Di bawah alam bawah sadar, Ranah terilhami mengangkat tangan kirinya. Memicingkan mata untuk meilhat arah jarum jam yang sesuai.
Matanya terbelalak. Ia mendadak terduduk. Ia terlambat!
Seharusnya, pagi tadi, Ia mengajar. Namun jarum jam sudah menunjukkan pukul setengah sembilan. Pantas saja kawan-kawan sekamarnya sudah membersihkan bagiannya, menyisakan barang-barang Ranah, berikut manusianya. Terbukti, sesulit itulah Ranah bila dibangunkan.
Pasrah sudah Ia, meski akan tercatat sebagai anggota yang melanggar, ancaman itu terbukti tidak berpengaruh terhadap kehidupan Ranah.

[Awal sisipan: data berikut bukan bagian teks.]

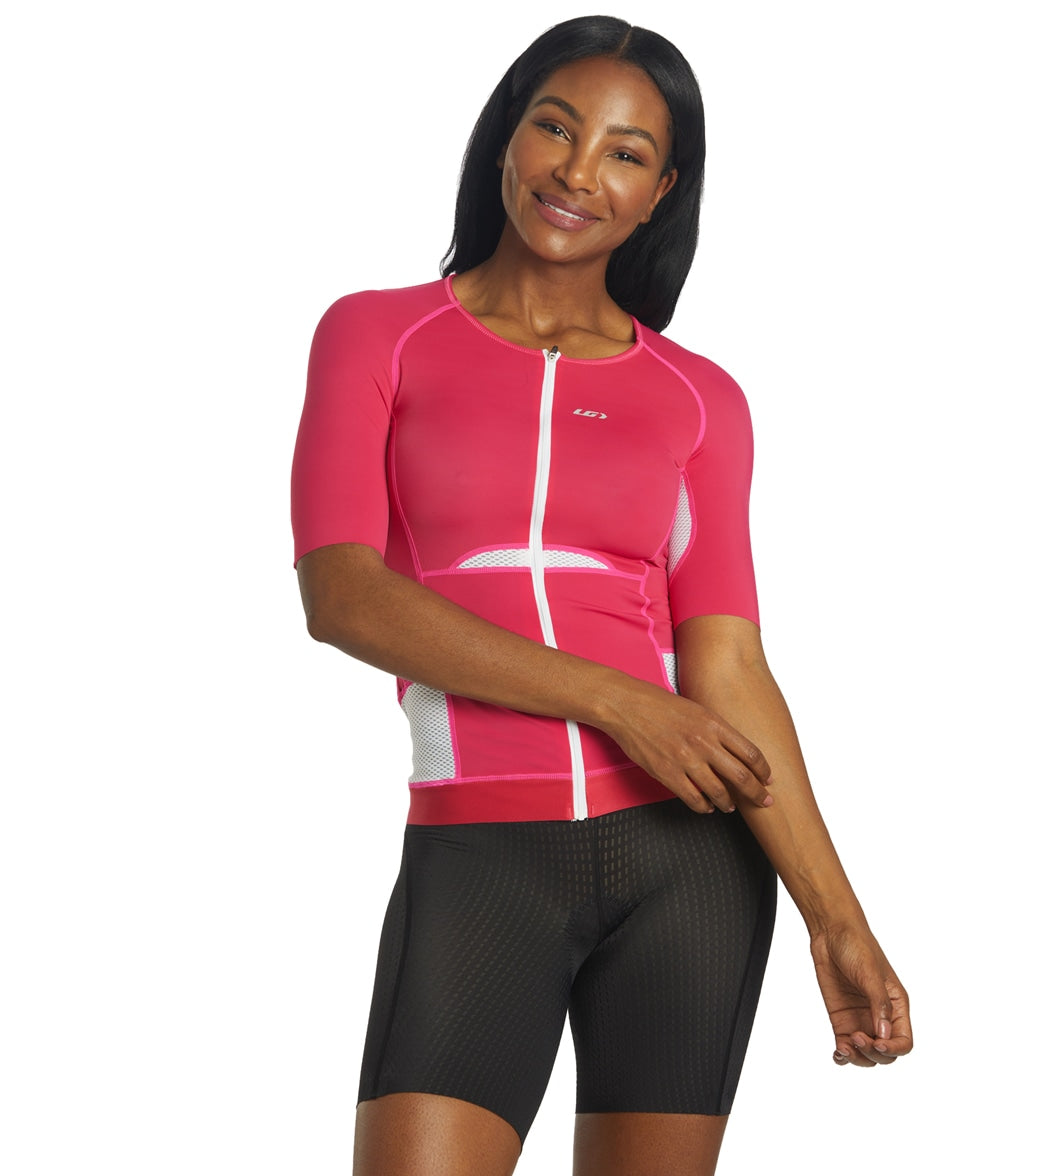 louis garneau womens cycling jersey

Mengalih pikiran, Ranah menuju ruangan kantor dan menyalakan komputer. Sudah sebulan lebih menghadapi rutinitas Asisten Pengasuh. Sampai sekarang pun Ranah masih berusaha mencari, titik manakah yang Ia suka dari sekolah ini dan segala peraturannya.
“Ranah! Kamu dicari.”
Komentar pertama, seseorang yang memasuki kantor. Ranah hanya meringis dengan bahu berkedik. Menenggelamkan wajahnya di balik layar komputer.
“Ranah, di sini kamu rupanya! Tadi aku bilang kau sedang berburu babi di belakang sana. Ada yang lepas. Begitu.” Cia memasuki kantor, dan dengan cara khasnya, berbicara sangat cepat.

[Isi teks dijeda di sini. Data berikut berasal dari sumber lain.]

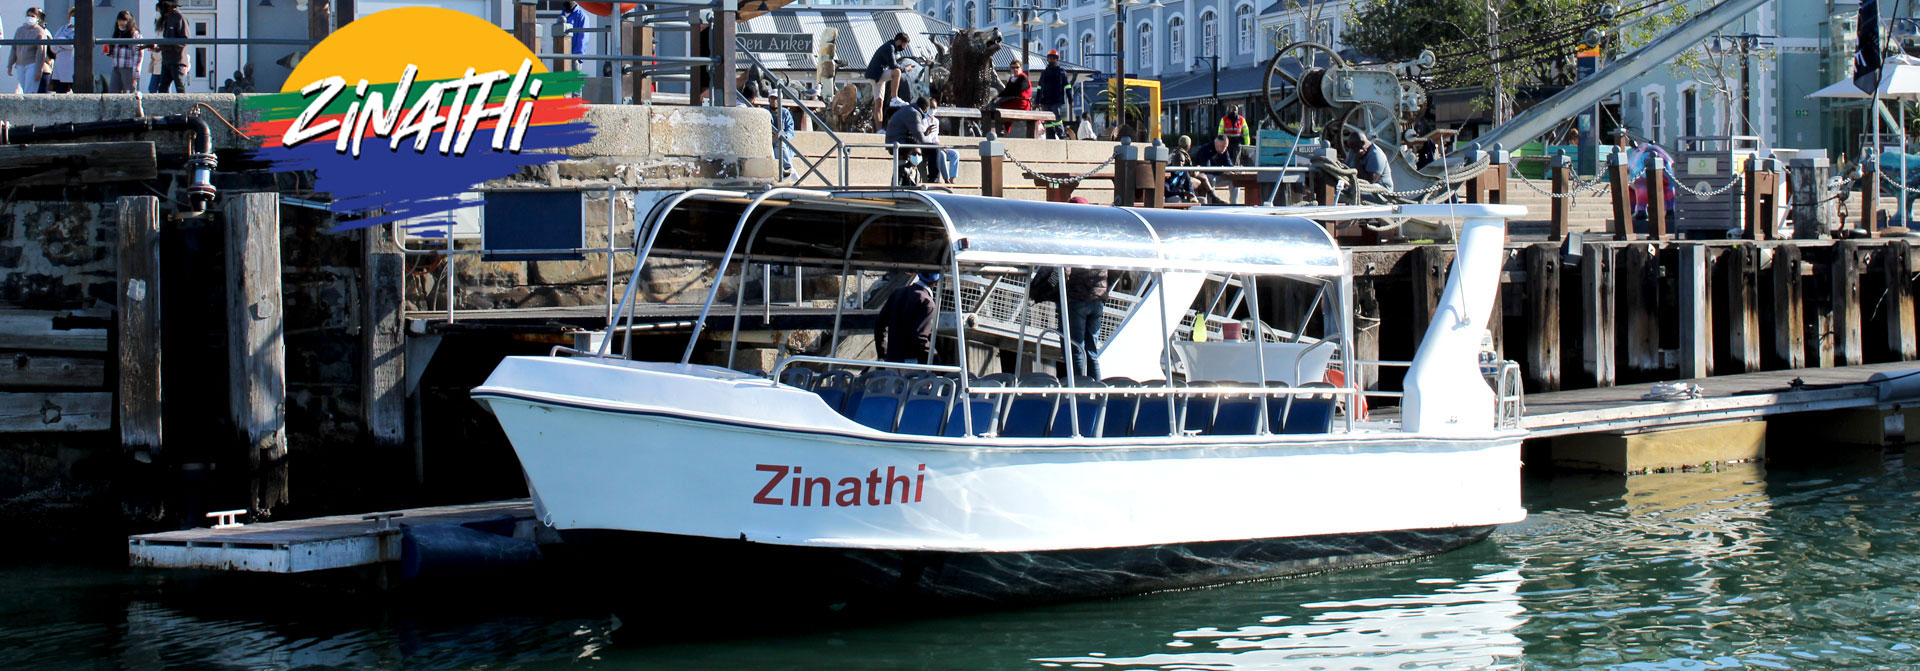 Zinathi Harbour Cruise Banner Image

“Berburu babi? Mereka percaya?” setengah terkekeh, Ranah menaikkan sebelah alisnya.
Repotnya melengkapi data seluruh murid di sekolah itu. Matanya berkunang-kunang. Sudah tiga harian Ranah begadang untuk menyelesaikan secepatnya. Pekerjaan di kantor Asisten Pengasuh kian menumpuk, apalagi sebagai sekretaris, otomatis menambah slot pekerjaannya sendiri. Bila tidak dikerjakan di awal, Ranah hanya akan tenggelam dengan semua tugas itu.
Ia meregangkan tubuhnya. Merasakan pegal dan nyeri yang sudah menggrayangi pundak, lengan dan punggungnya.
Ia mulai bosan dan membolak-balik halaman catatan kecilnya. Buku catatan itu lumayan mungil dengan kertas berwarna coklat, pemberian dari kawannya zaman sekolah menengah dulu.
Ranah gemar menuliskan apa saja yang terlintas di kepalanya. Seperti pepatah-pepatah yang Ia tulis sendiri. Ia membuka halaman baru dan menulis di sana ;
Manusia bahkan bodoh sekali. Mencinta, sakit, tapi mencinta lagi. Aku tidak ingin jadi bodoh juga.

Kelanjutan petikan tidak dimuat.